In a post on the AMP blog Tuesday, Malte Ubl, Tech Lead for the AMP Project, wrote that one of the biggest moves was to separate ad requests from ad rendering. Ubl showed a how this impacts ad loading compared to a non-AMP HTML ad in the GIF below.

amp for ads comparison

To address the issue of the payload drain caused by data collection and measurement tools ads typically carry, Ads for AMP will be able to take use the “amp-analytics” mechanism built into AMP that includes measurement code that is vendor-neutral and supports a wide range of metrics.

“This means ads can take advantage of the same “instrument once, report many times” feature that benefits AMP pages today, completely eliminating the bandwidth and runtime cost,” caused by ads loaded code from multiple tools, Ubl explained.

On Tuesday, Google says its research found the average mobile site takes 19 seconds to load and estimates mobile sites that load within five seconds could double their revenue above the average. On Tuesday, Google also noted that, on average, AMP HTML pages load four times faster and use one-tenth the data of non-AMP pages on mobile devices.

Ubl stressed that it’s early days for A4A, and the initiative is still in “the early experimentation and implementation phase.”

Dynamic native ads available programmatically

Google first announced its new automated, responsive native ads — created on the fly from an advertiser-provided headline, image and text to match the look, feel and sizing of a publisher’s content — at Google Performance Summit in May. Now, advertisers using DoubleClick Bid Manager can buy these auto-generated native ads programmatically.
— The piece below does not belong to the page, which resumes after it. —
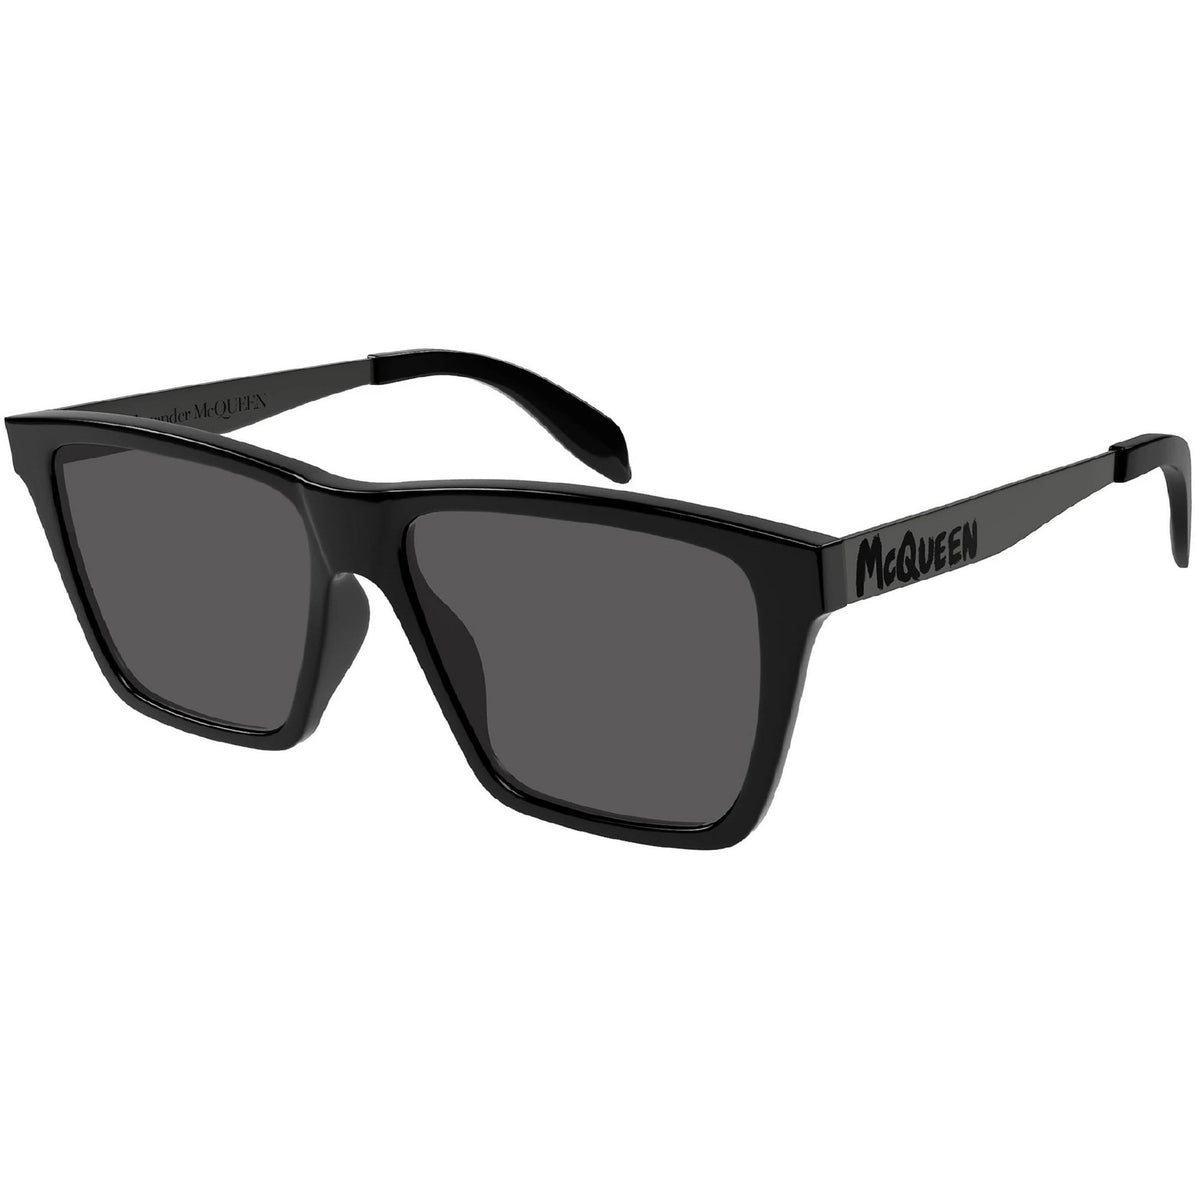 Alexander McQueen Men&#39;s Sunglasses Spring Summer Black Grey CR 39 CR 39 Shiny AM0352S 001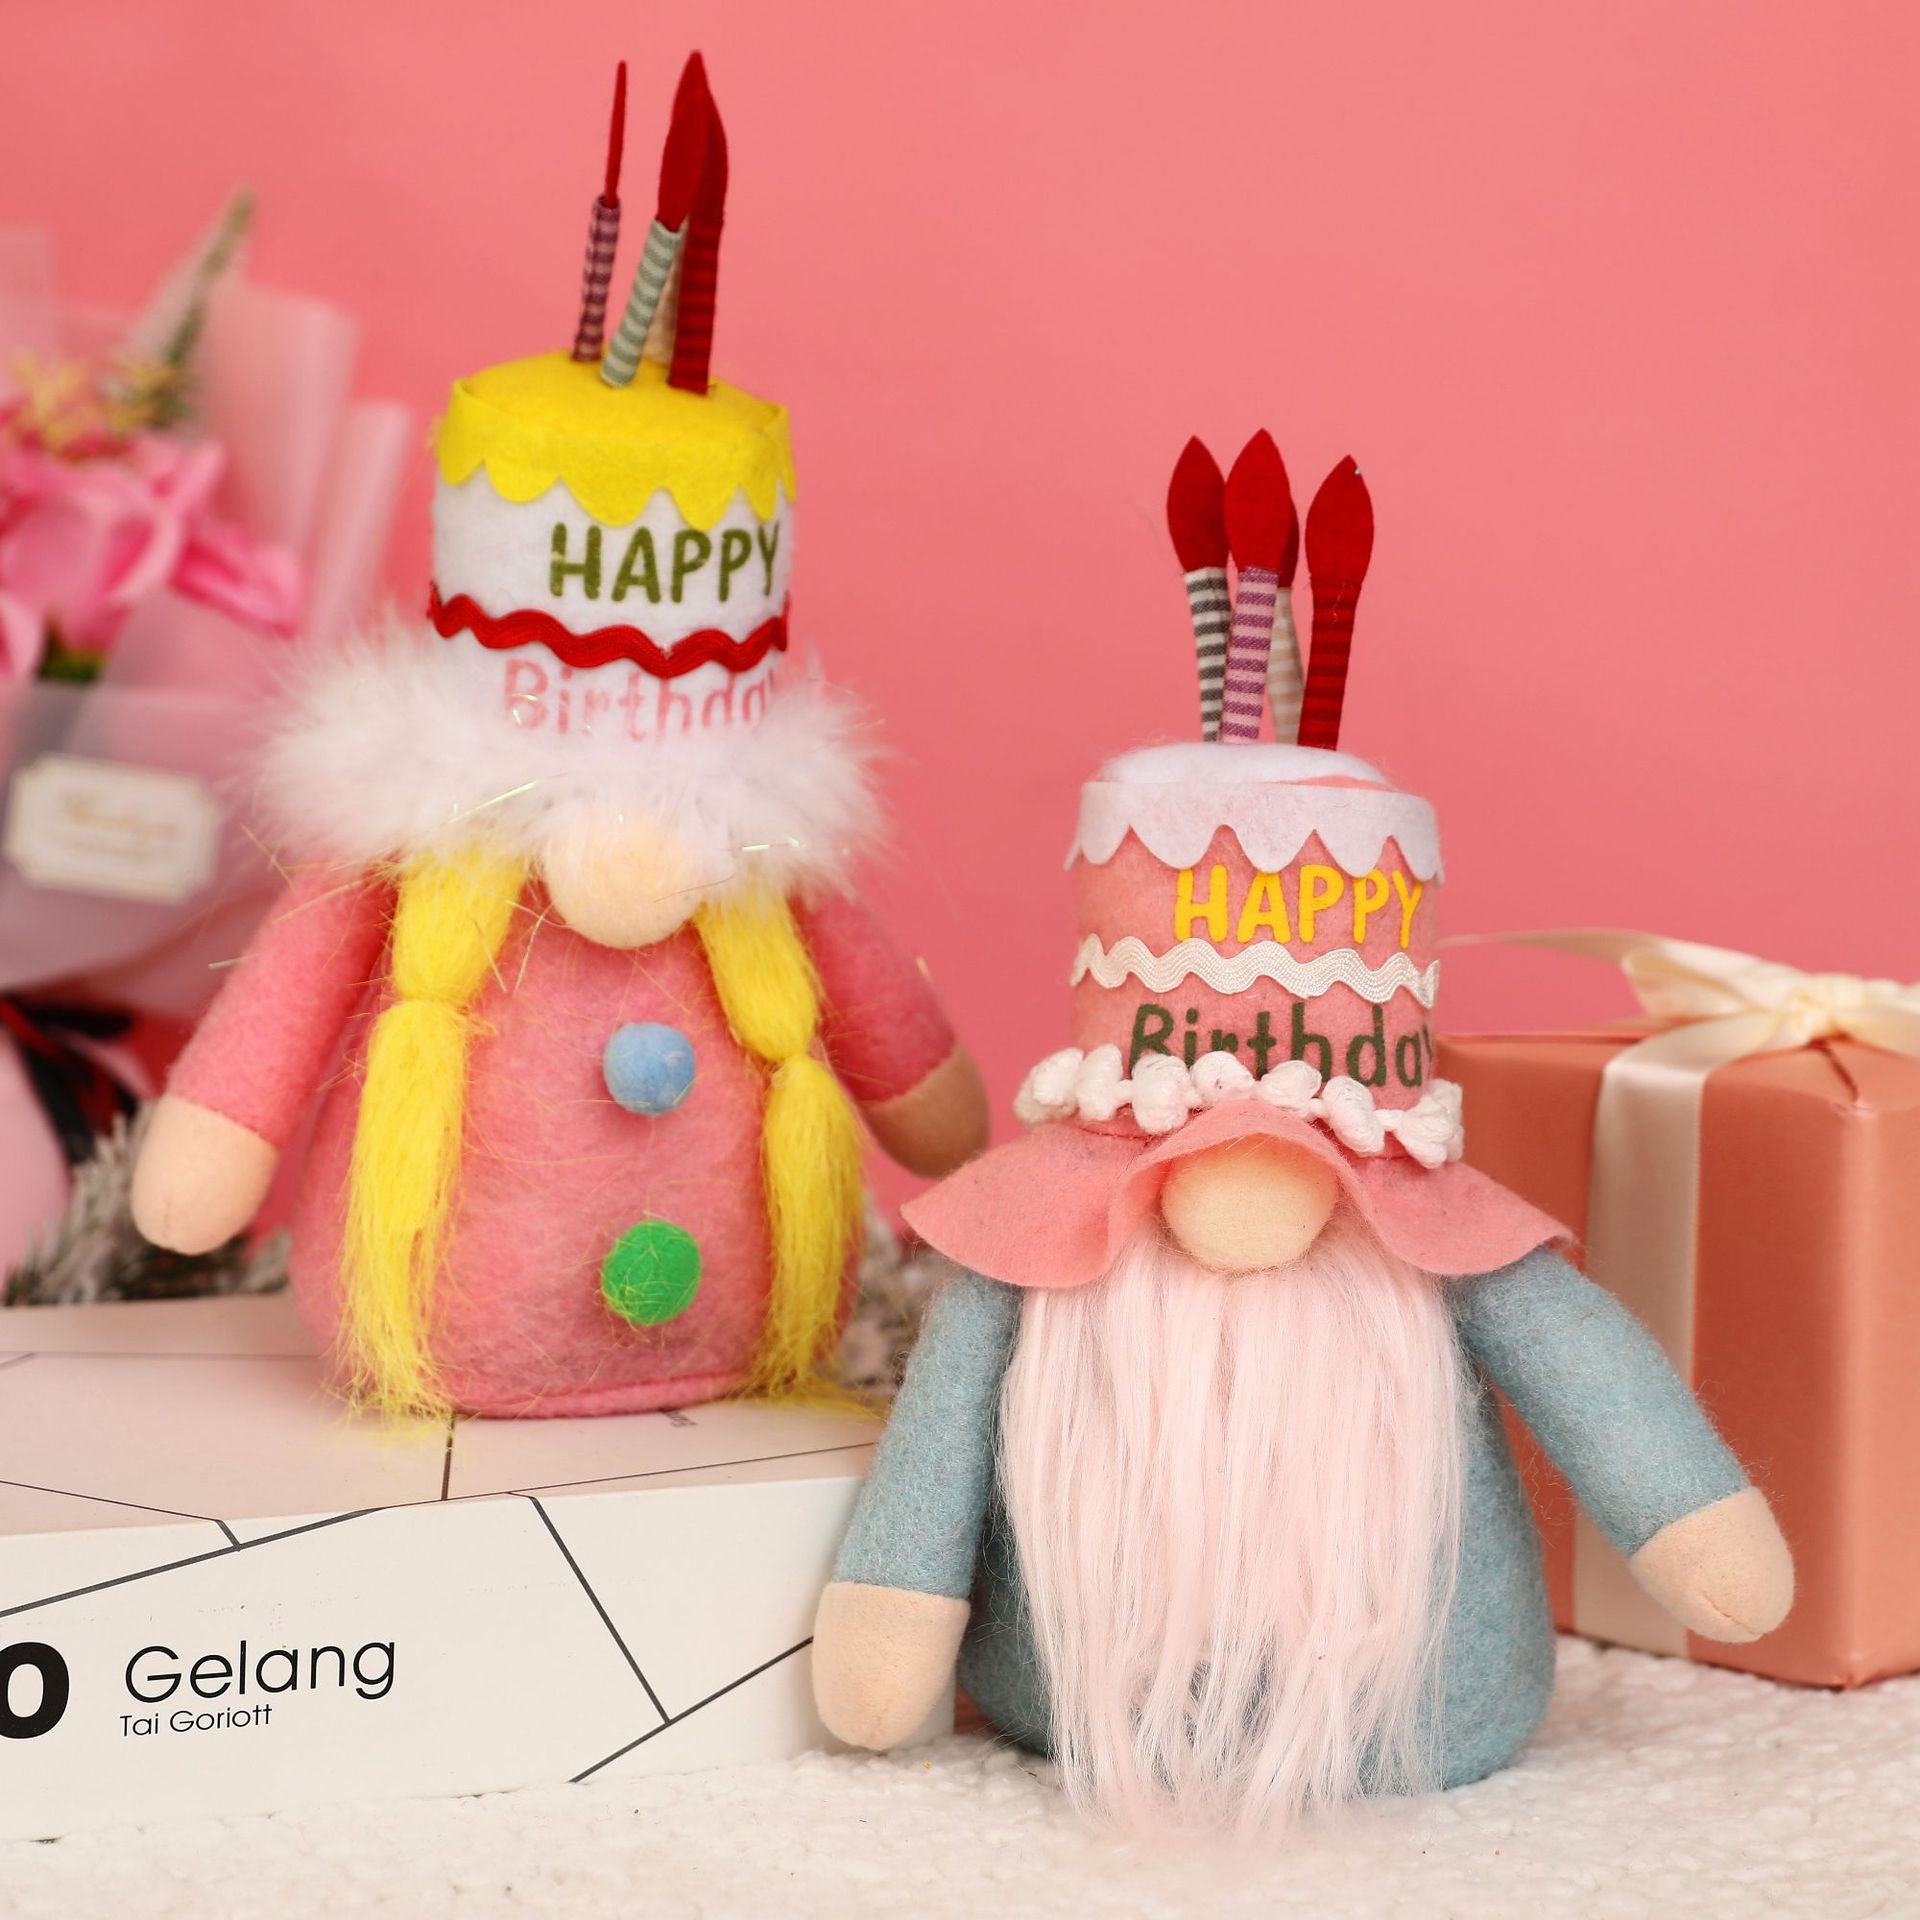 Happy Birthday Gnome, Happy Birthday Garden Gnome, Gnomes Singing Happy Birthday,

Publishers using DoubleClick can make native ad inventory available for both mobile websites and apps either via programmatic or direct sales. The hope is that automating both the creative and traffic processes for native ads, Google can scale native ads across mobile publishers and make a dent in a market dominated by Facebook.


responsive google-built native display ads for mobile

Native ads are auto-generated from an advertisers’ headline, image and ad copy.


Programmatic deal with Time Warner

On Tuesday, Google also announced a global deal with Time Warner that spans the publishing giant’s businesses to facilitate programmatic buying, ad serving and measurement for its agencies and properties like CNN, Game of Thrones and Harry Potter.

Google said media companies on DoubleClick for Publishers have seen revenue from programmatic video advertising rise more than 6X, and advertisers buying video via programmatic direct on DoubleClick Bid Manager increased their spend by more than 7X last year. Programmatic direct has been a growing slice of the programmatic landscape; Google said programmatic direct deals on DoubleClick AdExchange tripled in 2015.